Analysis of δ15N and δ18O to differentiate NO3− sources in runoff at two watersheds in the Catskill Mountains of New York

Abstract

To quantify the movement of atmospheric nitrogen deposition through two forested watersheds in the Catskill Mountains of New York, dual‐isotope analysis (δ15N and δ18O) was used to differentiate NO3− derived from precipitation from NO3− derived by microbial nitrification and to quantify the contributions of these sources to NO3− in drainage waters. Samples of stream water, soil water, precipitation, snowmelt, and O‐horizon soil were collected during the March and April snowmelt period of 1994 and throughout an 18‐month period from August 1995 through February 1997. The mean δ18O‐NO3− value of precipitation was +50.5‰, whereas the mean values for stream water and soil water were +17.7‰ and +23.6‰, respectively.
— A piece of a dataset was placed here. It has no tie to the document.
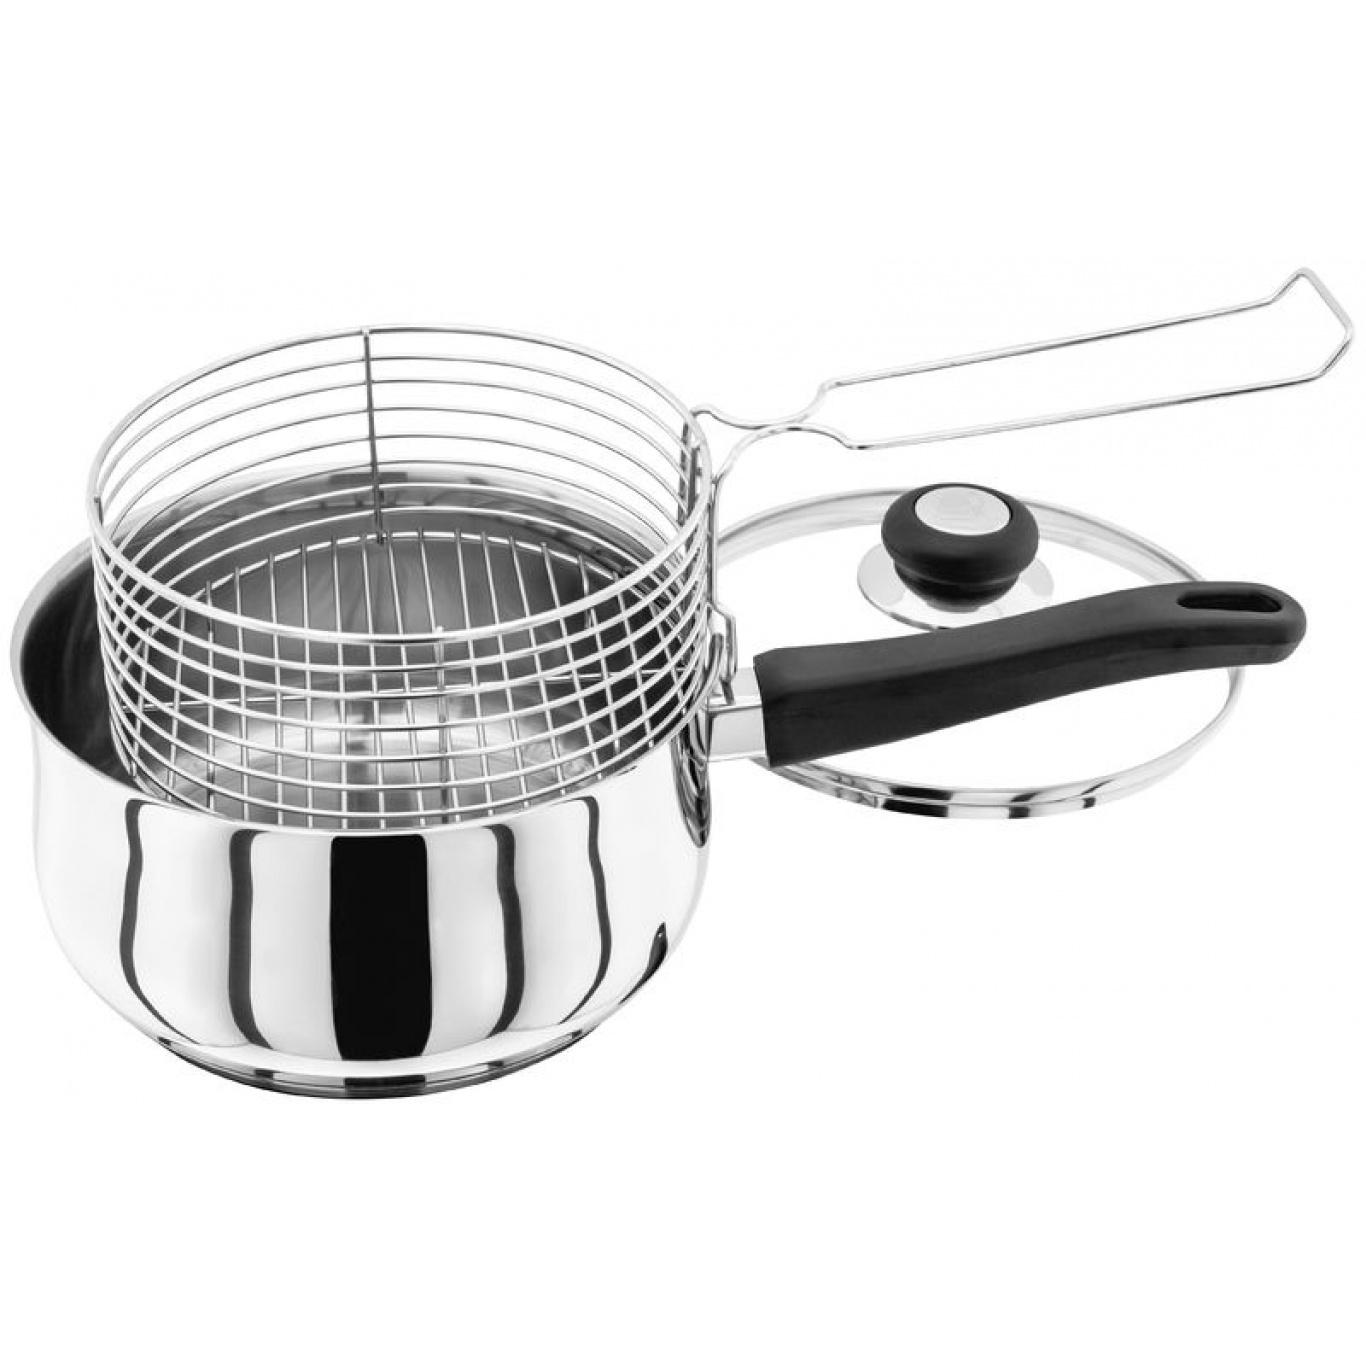 Image of Judge Vista 20cm Chip Pan with Basket

The mean δ15N‐NO3− of precipitation was −0.2‰, that of soil water was +1.4‰, and that of stream water was +2.3‰; these values showed greater overlap among the three different waters than did the δ18O‐NO3− values, indicating that δ15N‐NO3− was not as useful for source separation. Soil water δ18O‐NO3− values decreased, and δ15N‐NO3− values increased, from the O to the B and C horizons, but most of the differences among horizons were not statistically significant. Nitrate derived by nitrification in incubated soil samples had a wide range of δ15N‐NO3− values, from +1.5‰ to +16.1‰, whereas δ18O‐NO3− values ranged more narrowly, from +13.2‰ to +16.0‰. Values of δ18O‐NO3− indicated that NO3− in stream water is mainly derived from nitrification. Only during a high‐flow event that exceeded the annual flood was precipitation a major contributor to stream water NO3−. Values of δ18O‐NO3− and δ15N‐NO3− changed at differing rates as NO3− cycled through these watersheds because δ18O‐NO3− values change sharply through the incorporation of oxygen from ambient water and gas during nitrification, whereas δ15N‐NO3− values change only incrementally through fractionation during biocycling processes. The results of this study show that most NO3− is first cycled through the biota and nitrified before entering the stream.